The combination of recent spending restraints and a surging economy has dramatically improved the financial health of the Medicare program--and reduced practically to zero the chances that Congress will overhaul the program before next year’s elections.
The trustees of the Social Security and Medicare programs reported Tuesday that the Medicare trust fund--which covers the hospital costs of 39 million elderly and disabled Americans and which only two years ago had been projected to run out of necessary funds in 2001--should now be able to hang on until 2015. Last year’s report pushed the date back to 2008, and this year’s bought the program another seven years.
Social Security’s financial health also is improving, but less spectacularly. The trustees this year put off its projected day of reckoning by two years, to 2034.
Despite the receding crises, President Clinton and congressional leaders vowed to press ahead with financial reforms to shore up the programs against the day when the baby boom generation begins becoming eligible for their benefits.
“Now is the time to make those changes--now when our economy is strong, now when our people have renewed confidence, and now when . . . modest changes today can have major impacts in the years ahead,” Clinton said.
House Speaker J. Dennis Hastert (R-Ill.), echoing those sentiments, said that Republicans were committed to “preserving and strengthening the programs.”
The reason that adjustments will be necessary is no mystery. The Social Security and Medicare trustees projected that the number of program beneficiaries would rise over the next three decades from 39 million now to 70 million in 2030. Where there are now 3.4 workers paying Medicare and Social Security payroll taxes for every beneficiary, there will be only 2.1 by 2030.
But the political reality is different. The chances for an agreement this year to overhaul Medicare were never rosy. Any agreement would have to ask the elderly to pay more for fewer benefits, hospitals and doctors to accept smaller payments and taxpayers to increase their contributions.
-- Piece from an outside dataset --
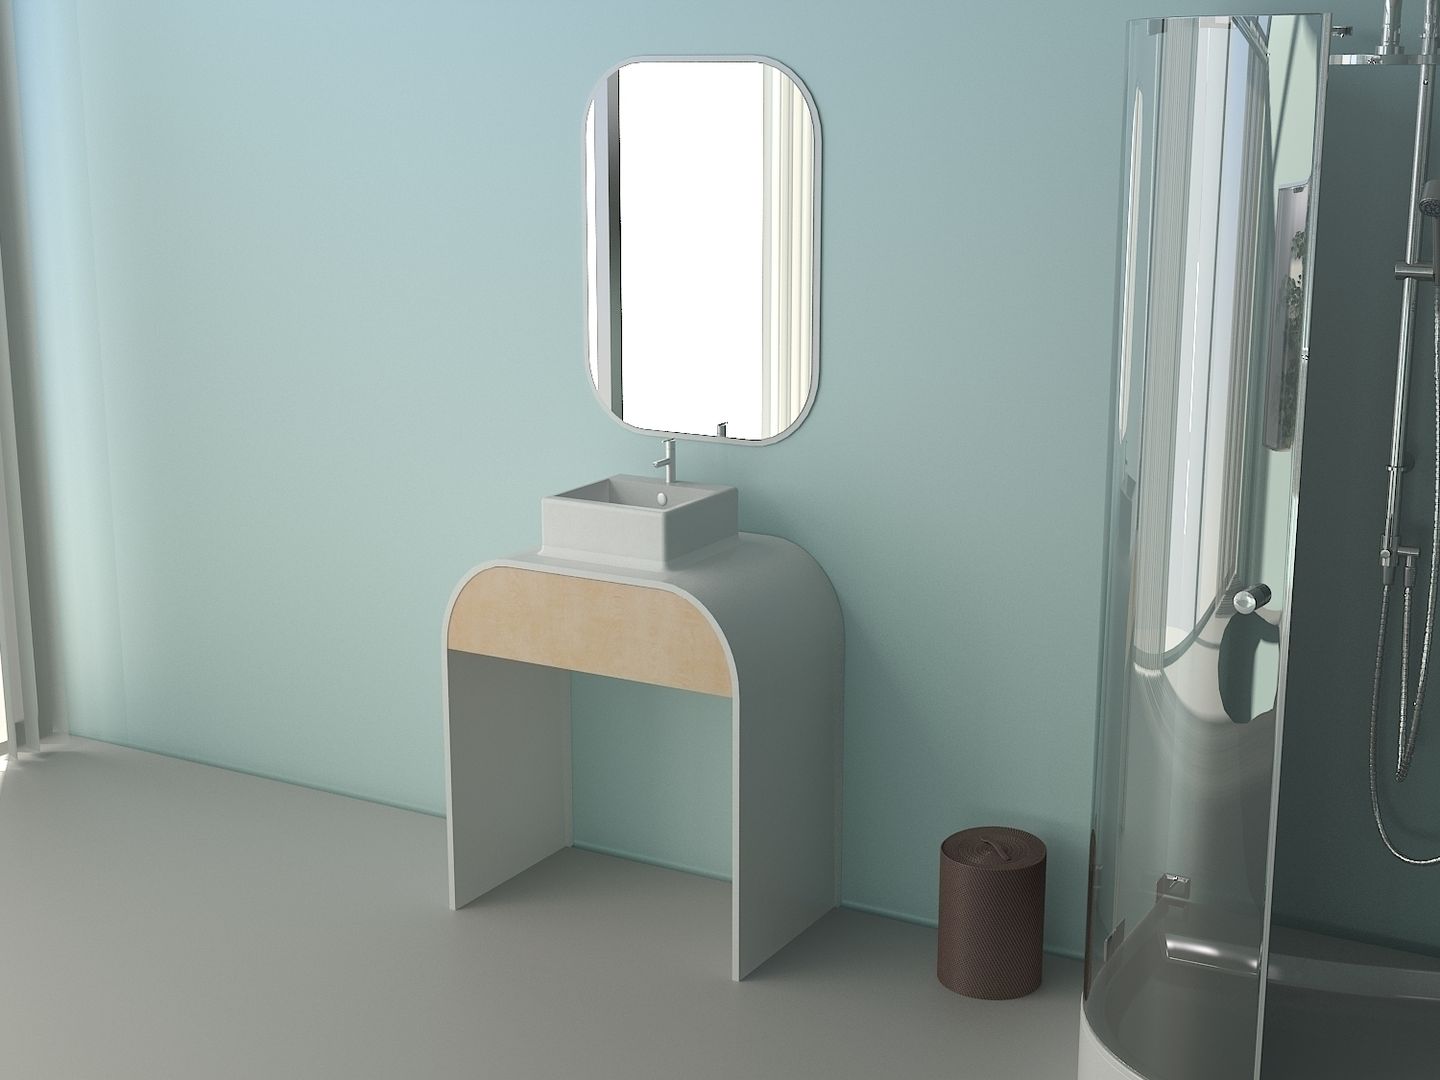 Melt Concept, Tirdad Kiamanesh Tirdad Kiamanesh Minimal style Bathroom Medicine cabinets

“Now members of Congress will say: ‘Why take it up, especially if we get seven more years?’ ” said Rep. Robert T. Matsui (D-Sacramento).
That’s fine with John Rother, chief lobbyist for the American Assn. of Retired Persons, which is adamantly protecting Medicare and Social Security benefits. “We have a little more time to work out the kinks and find some improvements and not be so rushed,” Rother said.
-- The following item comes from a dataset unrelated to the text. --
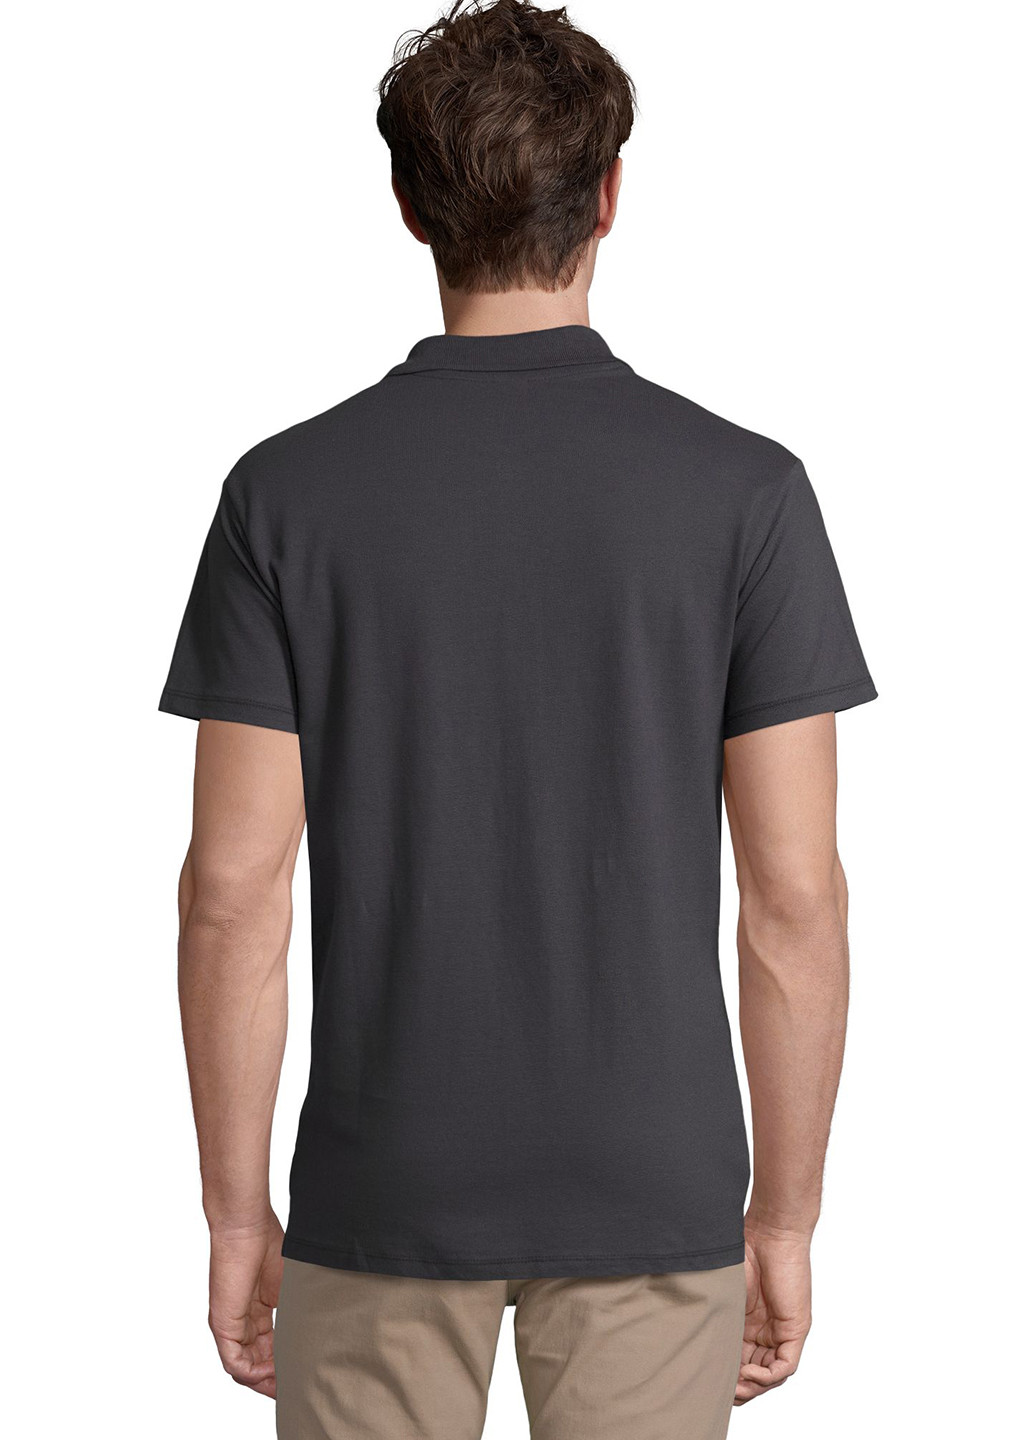 Темно-серая футболка-поло для мужчин Sol's однотонная

Outside experts agree that policymakers have been looking for any excuse to duck the tough political decisions until after next year’s elections. The last time lawmakers got up the courage to change a major entitlement program was in 1983, when Social Security was on the verge of being unable to send out checks to retirees.
“These numbers will take the pressure off lawmakers, many of whom will argue that they now have more time to figure out how to restructure the programs for the long term because we aren’t close to the cliff,” said Robert D. Reischauer, a Brookings Institution senior fellow.
“It gives them an excuse to say, ‘We have a little more time to debate the topic,’ ” said Murray L. Weidenbaum, chairman of the Center for the Study of American Business at Washington University in St. Louis.
The seven Social Security and Medicare trustees include Treasury Secretary Robert E. Rubin, Health and Human Services Secretary Donna Shalala and Labor Secretary Alexis M. Herman. Only the portion of Medicare financed by payroll taxes to pay hospital bills is overseen by the trustees; the rest of the program--which covers doctor visits--is financed by general tax revenue and beneficiary premiums.
The forces extending the life of the trust fund, the largest component of the entire Medicare program, are threefold.
The robust economy, which has pushed unemployment down to 4.4%, has the corollary effect of driving up revenue from the payroll tax, the program’s main source of funds.
At the same time, the program’s costs are dropping more than expected as a result of reductions in payments to providers that were enacted as part of the 1997 Balanced Budget Act. The Congressional Budget Office recently reported, for example, that reductions in payments to skilled nursing facilities from 1998 to 2002 would exceed earlier projections by $7 billion.
Finally, there is the Justice Department’s aggressive crackdown on Medicare fraud and abuse, which has returned $1.2 billion in fines and repayments over the last two years.
The rigorous enforcement also has had a prophylactic effect, warning providers that they risk prosecution if they pad the bills they send to the government for treating Medicare recipients. Shalala said the error rate in payments to fee-for-service doctors and hospitals had been cut in half over the last two years.
In the case of Social Security, 75% of the projected savings over the long-term life of the program can be traced to lower annual cost-of-living benefit increases resulting from a change in estimating techniques adopted last year by the Bureau of Labor Statistics.
Also at work is the same sort of increase in payroll tax revenue that is projected for Medicare, which results in large measure from a reduction in the projected long-term unemployment rate from 6% to 5.5%.